Employees are investments if effectively managed and developed, provide long-term awards for organization hence policies, programs, and practices must be created that satisfy both the economic and emotional needs of employees. A working environment must be created in which employees are encouraged to develop and utilize their skills to the maximum extent (Carrell, Elbert and Hatfield, 'Human Resource Management: Strategies for Managing a diverse and global Workforce' sixth edition,2000).

Supervisors can provide guidance to their subordinates by assisting and guiding them, by making them available to answer questions otherwise letting subordinates work things out by themselves (Hackman and Suttle, Improving life at work, yale university, 1997). The employer should practise Soft HRM which is people-oriented ,rooted in human relations thinking, emphasizing motivation, communication and leadership ( huczynski and buchanan, 2007 pp. 666).By treating employees well, organizations profits can rise. A central ethics committee to be set up to reinforce the values of respect, honesty, efficiency, care and trust (based on Georgina Fuller,' Come the revolution', People Management, vol. 11, no.17, 1 September 2005, pp.38-40)

Two main factors in Huselid's list of 13 high performance practises :

? Skills developments: the acquisition and development of employee skills, through selection, induction, training and the use of performance appraisal systems.

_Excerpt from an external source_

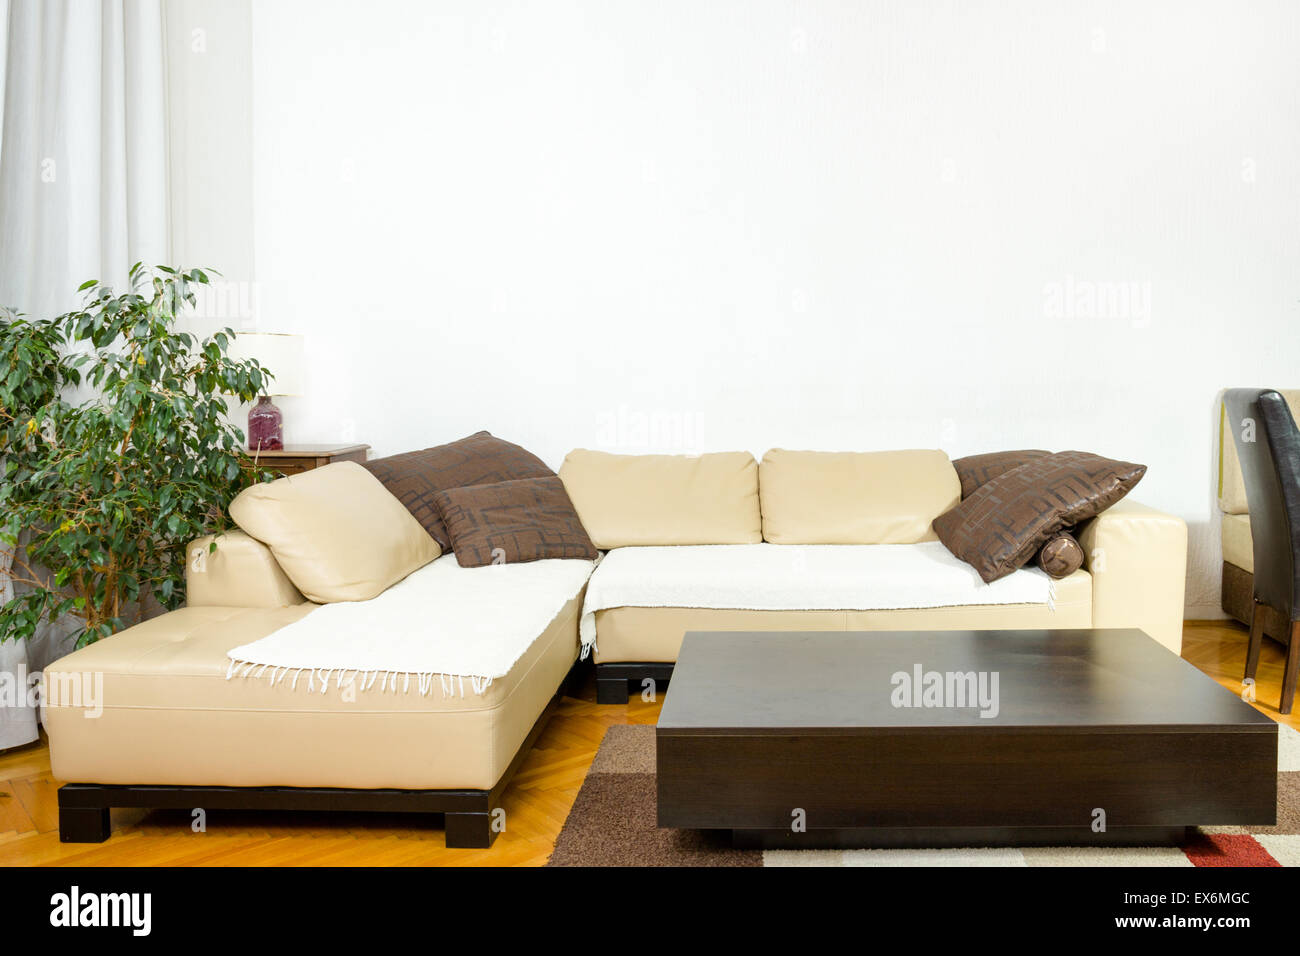 Dinner Sofa empty living room with angular sofa dinner wagon plant curtains

? Job design: the designs of jobs, including skill flexibility, job responsibility, variety and the use of teams.

The Bath Model - a 'process' perspective:

The Bath model attempts to explain how HR policies are linked to performance, or the so-called black box problem (Purcell et al., 2000). This approach focuses on the underlying processes through which HR policies influence employee behaviour and performance.

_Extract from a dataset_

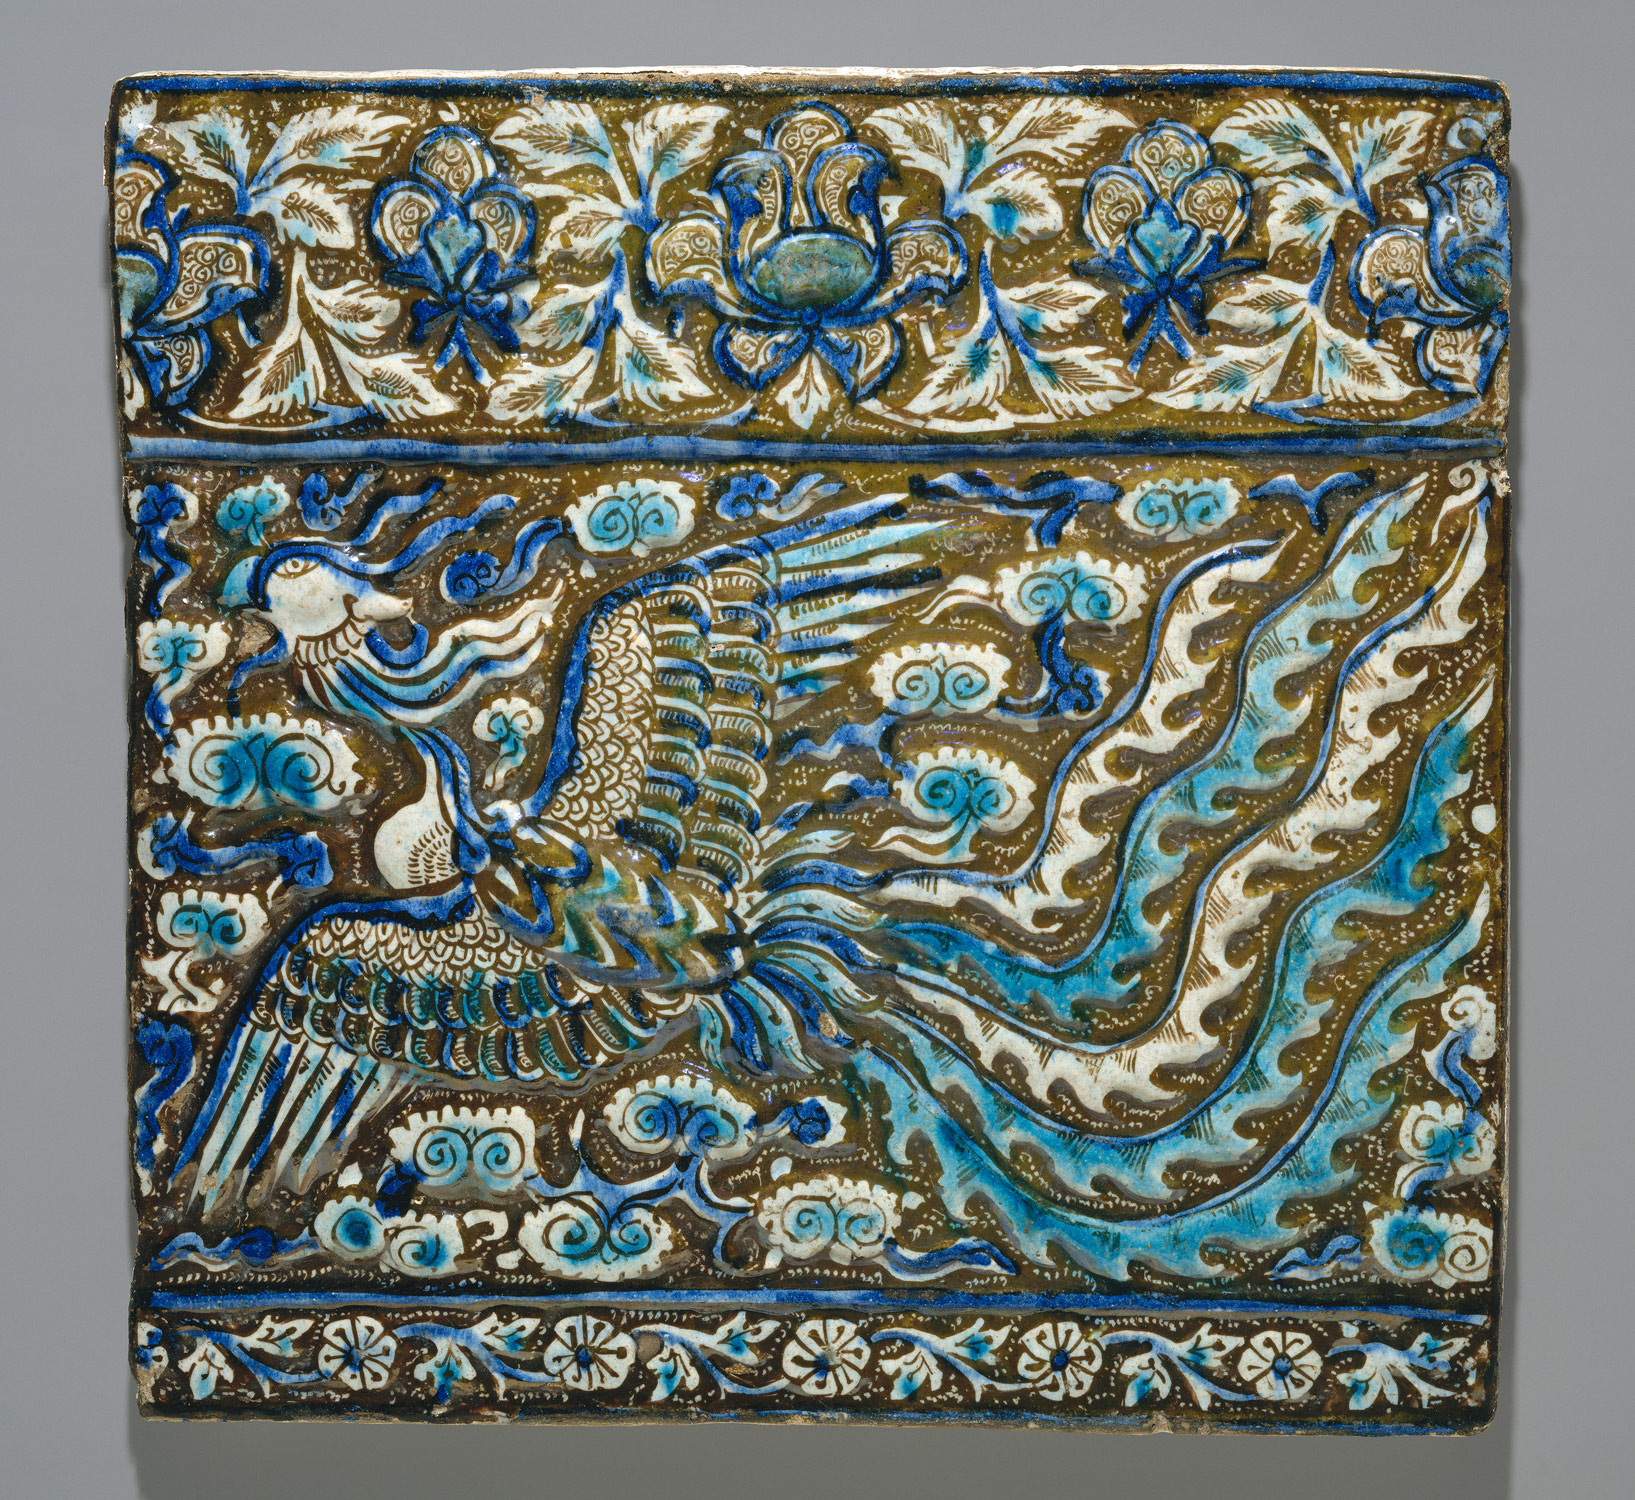 Vegetal Patterns In Islamic Art

Purcell and his colleagues oberve that, for people to perform beyond the minimum requirements of a job, three factors labelled 'AMO' (Ability, Motivation, Opportunity) are necessary. If one of these factors is weak or missing, then an individual's performance is likely to be poor. You may have the skills and enthusiasm, but if your supervisor watches you closely and prevents you from sharing ideas with colleagues or deviating from standard procedure, then your performance is unlikely to excel. You will probably not 'go the extra mile'.

What encourages employees to 'go extra mile' and exercise their discretion in ways to improve their job performance lies in the process of the model that established a linked sequence of events as shown in the 'The Bath People and Performance Model'.

The HR policy areas identified by the model are:

1. Recruitment and selection that is careful and sophisticated;

2. Training and development that equips employees for their job roles;

3. Career opportunities provided;

4. Communication that is two-way, and information sharing;

5. Involvement of employees in management decision-making;

6. Team working;

7. Performance appraisal and development for individuals;

8. Pay that is regarded as equitable and motivating;

9. Job security;

10. Challenge and autonomy in jobs;

11. Work-life balance.


'Like it or not, it's the younger generation that will have to mentor us rather than the other way around' (Harvard business review on finding and keeping the best people, 2001 pp 137)

What an organization can promise:

? Pay commensurate with performance.

? Opportunity for training and development.

? Opportunities for promotion.

? Recognition for innovation or new ideas.

? An attractive benefits package.

? Respectful treatment.

? Reasonable job security.

? A pleasant and a safe working environment.

(From Neil Conway. 'Promises, promises'. People Management, vol 10, no. 23, 25 November 2004, pp.42-3).

Guest (1989) identified that there must be senior management support for the success of HRM.

'Profit through people' can be produced through people management policies such as reducing status differentials and Sharing information across the organization (Based on Jeffrey Pfeffer, The Human Equation, Harvard Business School Press, Boston, MA, 1998).